OK, something weird is happening. I tried to comment on your BFF post and my comment is here. Sorry! It’s early and I haven’t had my coffee yet…
Oh that is a fun story to remember! The first days of school were always a little nerveracking!
In the middle of 10th grade, my mom picked us up and moved us to Hawaii. If it sounds picturesque, let me just say– it wasn’t. We moved to the YWAM base where my dad had grown up and EVERYONE there knew who I was. There was no wiggle room, especially for a kid who preferred books to people! (Meanwhile, my family was going through its biggest loss ever, and we were all pretty wrung out with no friends, few contacts, and a single-room studio apt with beds on the floor=) And when we moved back after 7 months, everyone in T-town asked how our vacation had gone. It was the adventure that probably kept us together (especially my mom!), but probably the hardest thing we’d ever been through.

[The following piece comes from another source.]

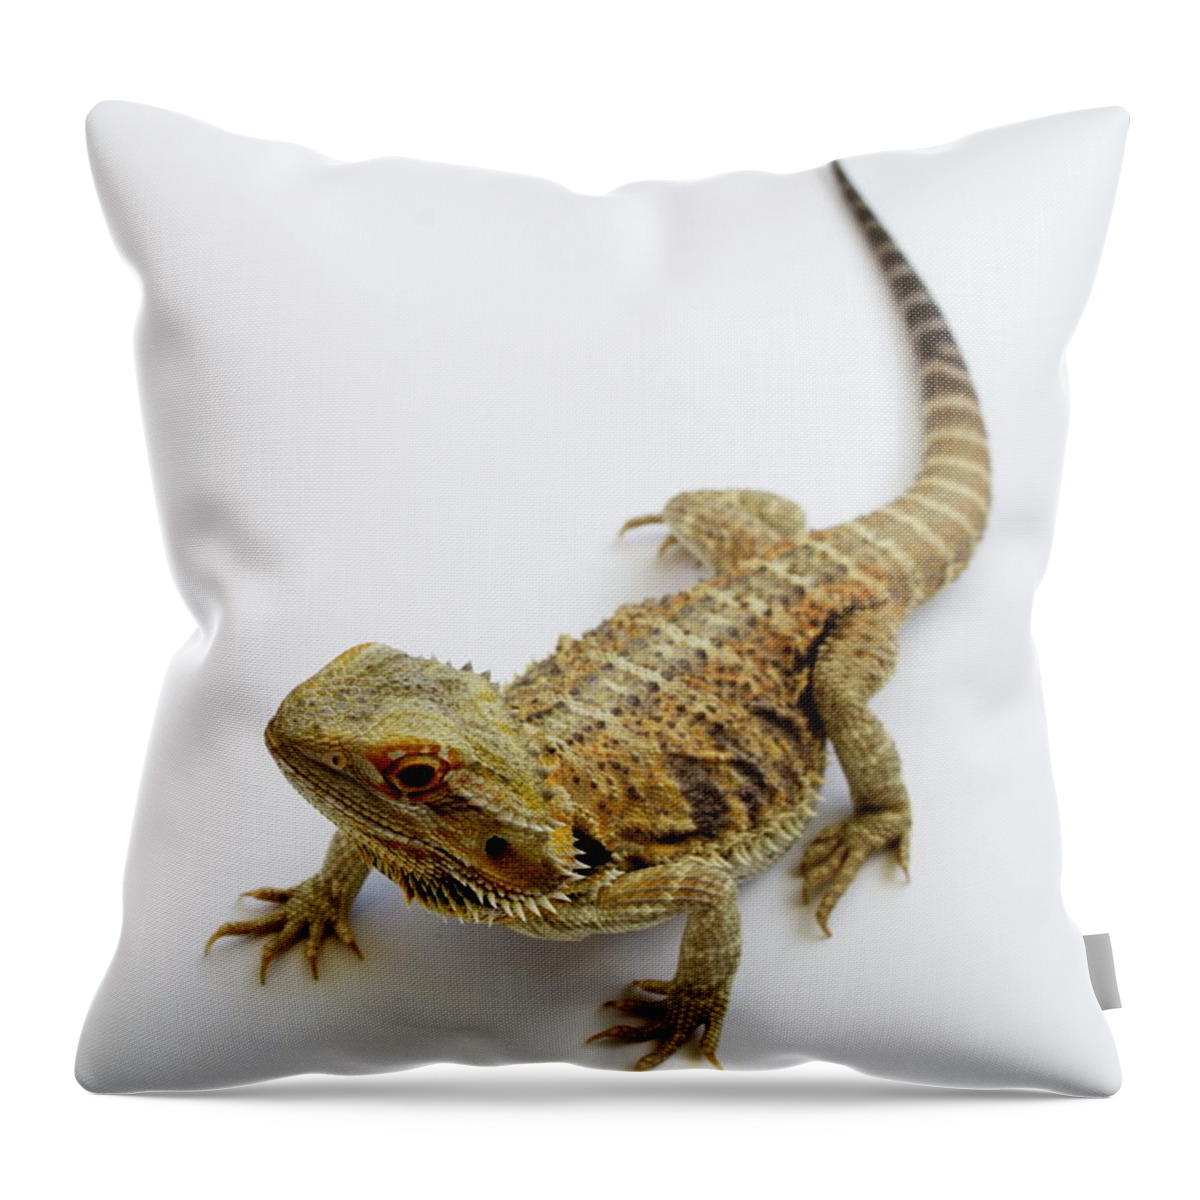 Lizard Throw Pillow featuring the photograph Bearded Dragon Lizard #1 by Nathan Abbott

It was also at this point that I began to really like my mom. She knew high school in HI at the base was pretty much a joke, so we played hooky a lot. When we had bad days missing my dad, no problem. Let’s go for a picnic or a hike instead. She stood up for her kids, and started coming out of that hole we’d all fallen into.
Seriously! Ugh. That day was so freaky for me!
Hahaha…I feel your gut pain! Demolished a few school bathrooms myself. Glad it all worked out and you got yourself a spankin’ brand new sis-in-law out of it. ????
Weird! I wonder what’s going on with the comments? And I agree: I want to be Katniss too ????
I got myself a great sister in law AND my husband out of that high school so it was a fair price to pay!